If we observed the resemblance between successive generations to be as close as that between distilled water and distilled water through all time, and if we observed that perfect unchangeableness in the action of living beings which we see in what we call chemical and mechanical combinations, we might indeed suspect that memory had as little place among the causes of their action as it can have in anything, and that each repetition, whether of a habit or the practice of art, or of an embryonic process in successive generations, was as original as the "Origin of Species" itself, for all that memory had to do with it. I submit, however, that in the case of the reproductive forms of life we see just so much variety, in spite of uniformity, as is consistent with a repetition involving not only a nearly perfect similarity in the agents and their circumstances, but also the little departure therefrom that is inevitably involved in the supposition that a memory of like presents as well as of like antecedents has played a part in their development--a cyclical memory, if the expression may be pardoned.

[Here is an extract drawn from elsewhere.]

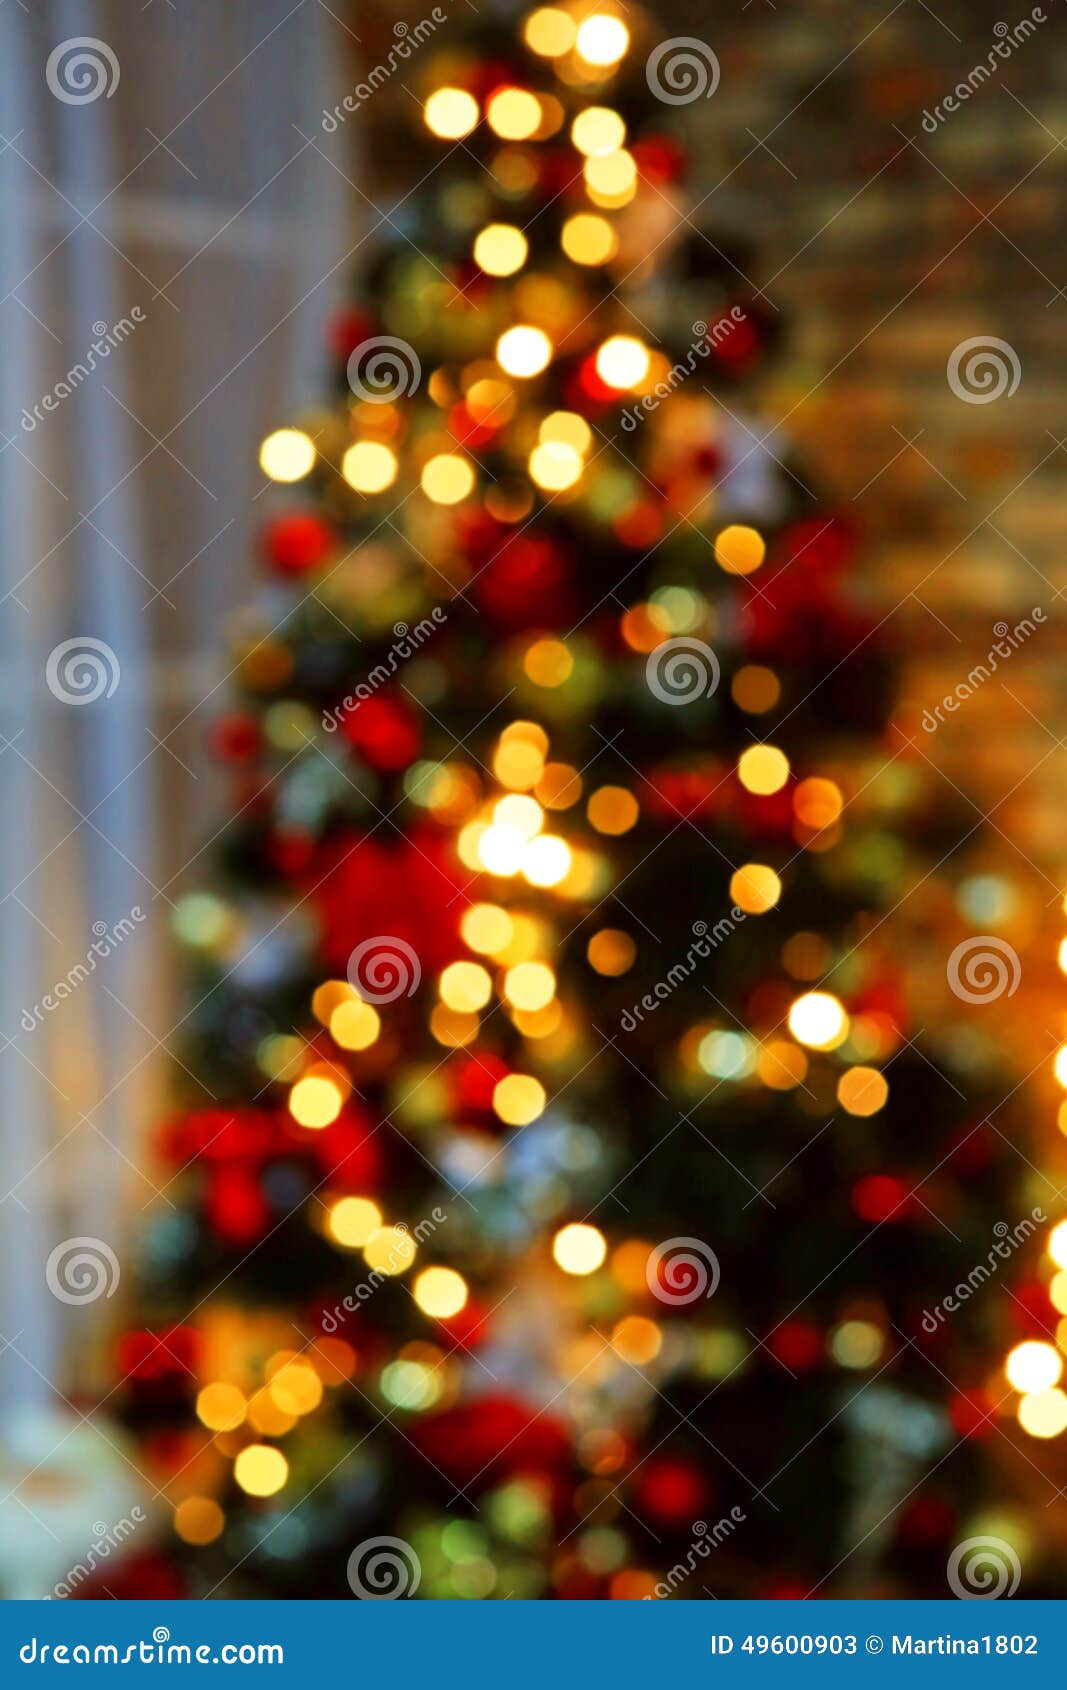 Bokeh Christmas lights stock image. Image of deco, colorful - 49600903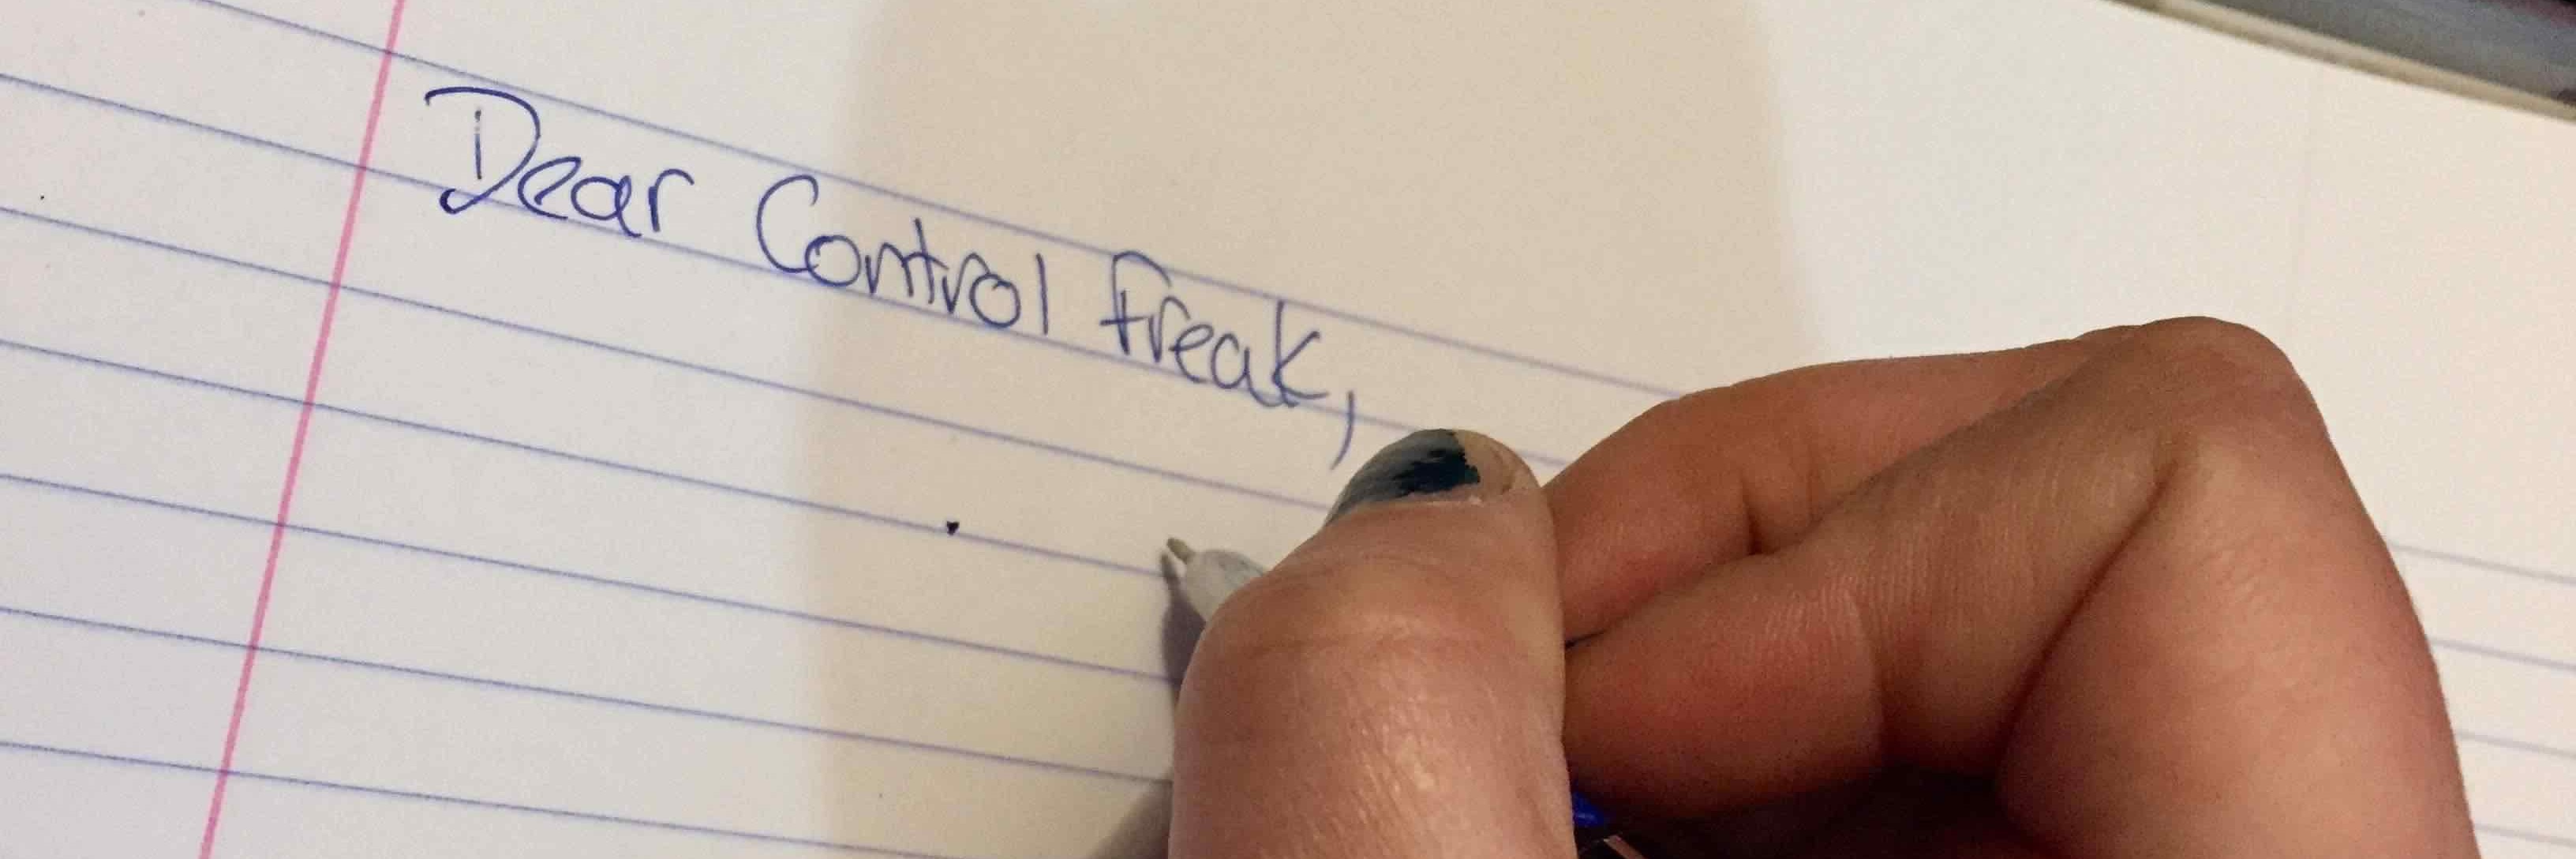 woman writing 'dear control freak' on a sheet of paper

There is life infinitely lower and more minute than any which our most powerful microscopes reveal to us, but let us leave this upon one side and begin with the amoeba. Let us suppose that this "structureless" morsel of protoplasm is, for all its "structurelessness," composed of an infinite number of living molecules, each one of them with hopes and fears of its own, and all dwelling together like Tekke Turcomans, of whom we read that they live for plunder only, and that each man of them is entirely independent, acknowledging no constituted authority, but that some among them exercise a tacit and undefined influence over the others. Let us suppose these molecules capable of memory, both in their capacity as individuals and as societies, and able to transmit their memories to their descendants from the traditions of the dimmest past to the experiences of their own lifetime. Some of these societies will remain simple, as having had no history, but to the greater number unfamiliar, and therefore striking, incidents will from time to time occur, which, when they do not disturb memory so greatly as to kill, will leave their impression upon it. The body or society will remember these incidents and be modified by them in its conduct, and therefore more or less in its internal arrangements, which will tend inevitably to specialisation. This memory of the most striking events of varied lifetimes I maintain, with Professor Hering, to be the differentiating cause, which, accumulated in countless generations, has led up from the amoeba to man. If there had been no such memory, the amoeba of one generation would have exactly resembled the amoeba of the preceding, and a perfect cycle would have been established; the modifying effects of an additional memory in each generation have made the cycle into a spiral, and into a spiral whose eccentricities, in the outset hardly perceptible, is becoming greater and greater with increasing longevity and more complex social and mechanical inventions.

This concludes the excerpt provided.